My design problem is to pick the best material for a DC electromagnet. Would sombody please recommend a material, either one of the two I mentioned or something different?
Thank you.
(Mechanical)
18 Sep 09 12:01"Best" in terms of what? There are materials with higher permeabilities than the two you mentioned but at added cost.
(Mechanical)
(OP)
18 Sep 09 12:06BobM3,
Good point. I'm looking for high permeability so I can get the strongest flux density for a given number of turns and current. Environment is not important because the part will be encapsulated. I'm not sure about saturation though. I'd probably start with permeability as the metric then compare saturations.
(Mechanical)
(OP)
18 Sep 09 12:07Also, cost is not important but availability for prototype and research activities is.
(Mechanical)
(OP)
18 Sep 09 12:09Sorry for the jumbled thread here, the material also needs to be machinable from 2-3" bar stock.
(Materials)
19 Sep 09 17:00 Time ago, I found a very interesting technical paper about this subject. Now, I don't know if this paper is completely available ( fully !!! ) in web. However, this paper appeared in Hong Kong ( MAGIVAL, Shangay 2000,November) and it was a good tool for people who is neither metallurgists nor magnetic experts. Moreover , this paper was a usefull general info for machinability.
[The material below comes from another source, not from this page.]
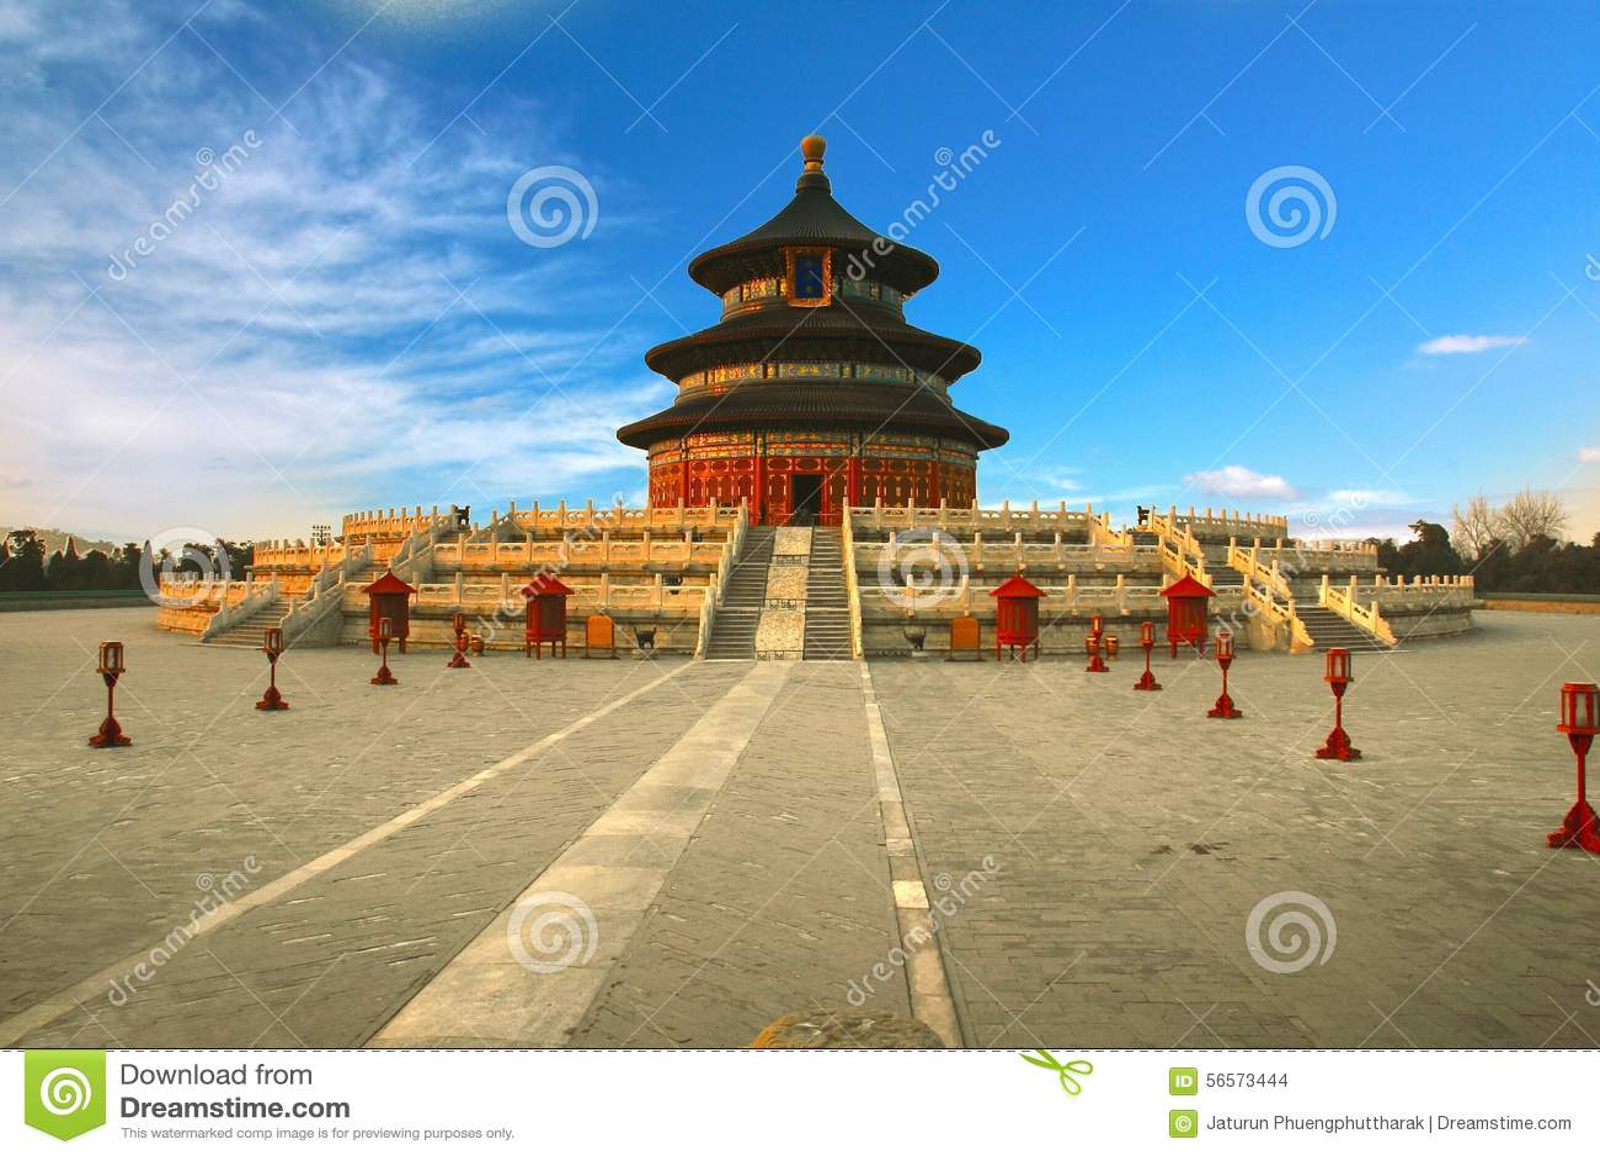 Download Ναός του ουρανού στο Πεκίνο, Κίνα Στοκ Εικόνες - εικόνα από ιστορικός, ιστορία: 56573444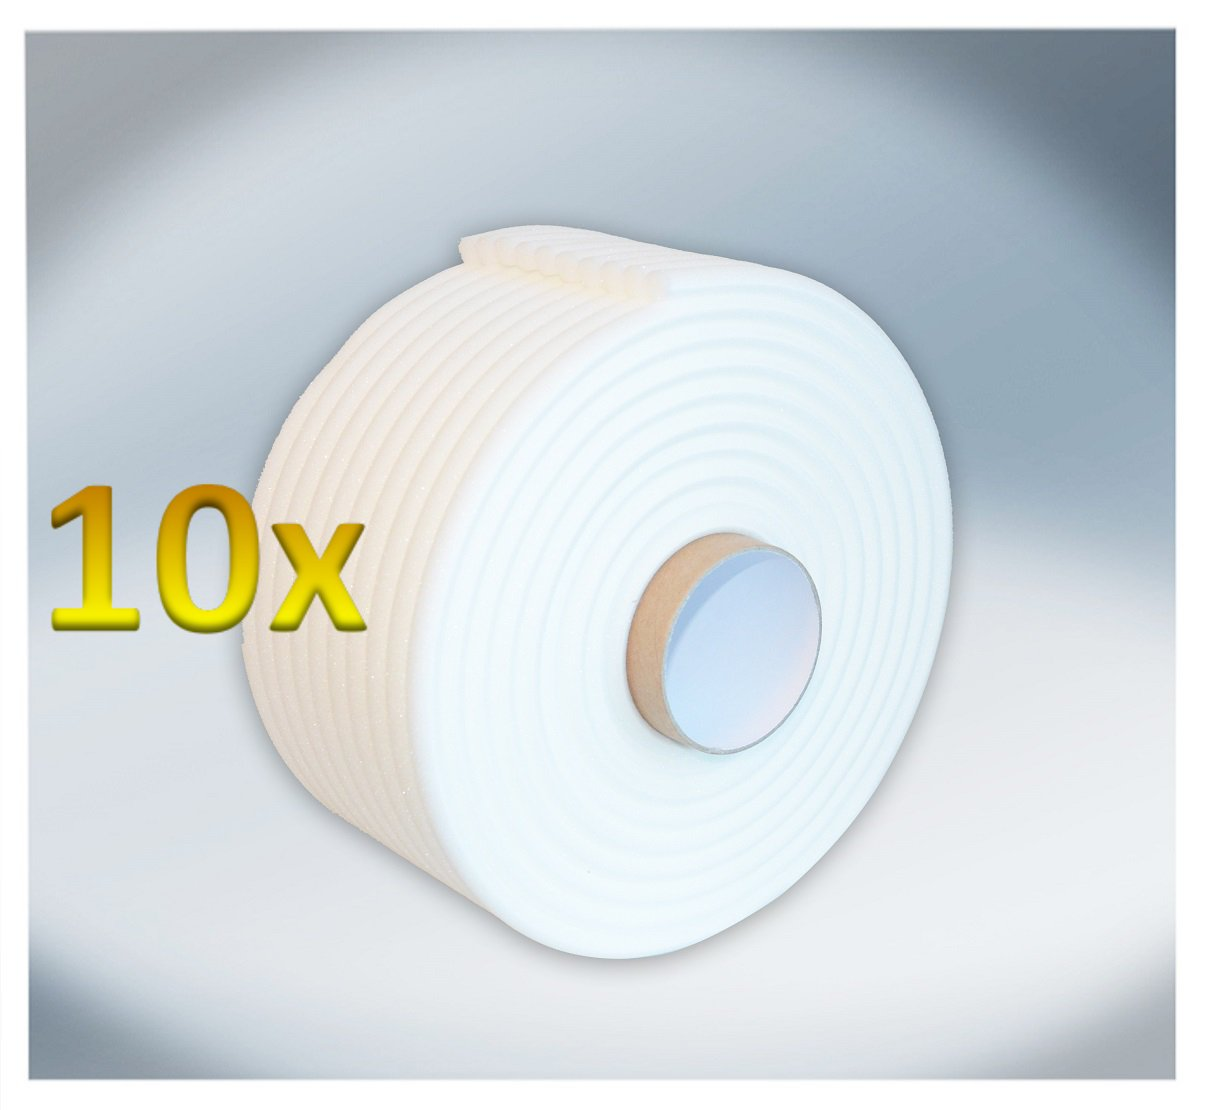 Softtape Foamtape 13mm x 50m fü r Autolack Lackierer Schaumdichtband (5 stucke) (301-5) BenBow

About your questioms, I think there is no difficulties if you explaine what you pretend in terms of:
1) magnetic properties ( Max. Permeability, Hc, Br )
2) how much is important machinability ?
3) Stainless or not ?
4) Is material easy available in stock ?
5) it is more easy to find a 3"bar stock of mild steel, Carbon or alloy steel than 430( free machined or not ) stainless grades. This depends on how many pound ( kg ) or tons you need for your design.
6) there is a lot of magnetic data available about 430 and similar grade : what do you want ?
7) Do you use the part as delivered and machined ( after turning , drilling and so on ...)or machined and annealed( stress relieved ) ? Vacuum or annealed and then machined in order to take away the stock remooving?
8) what is the final dimension ( thickness and leghth ) ?
9) Do you obtained Hollow or solid state blanks ?
10 What about magnetic testing ? Costs ? DC o AC ? How much it cost for a single sample?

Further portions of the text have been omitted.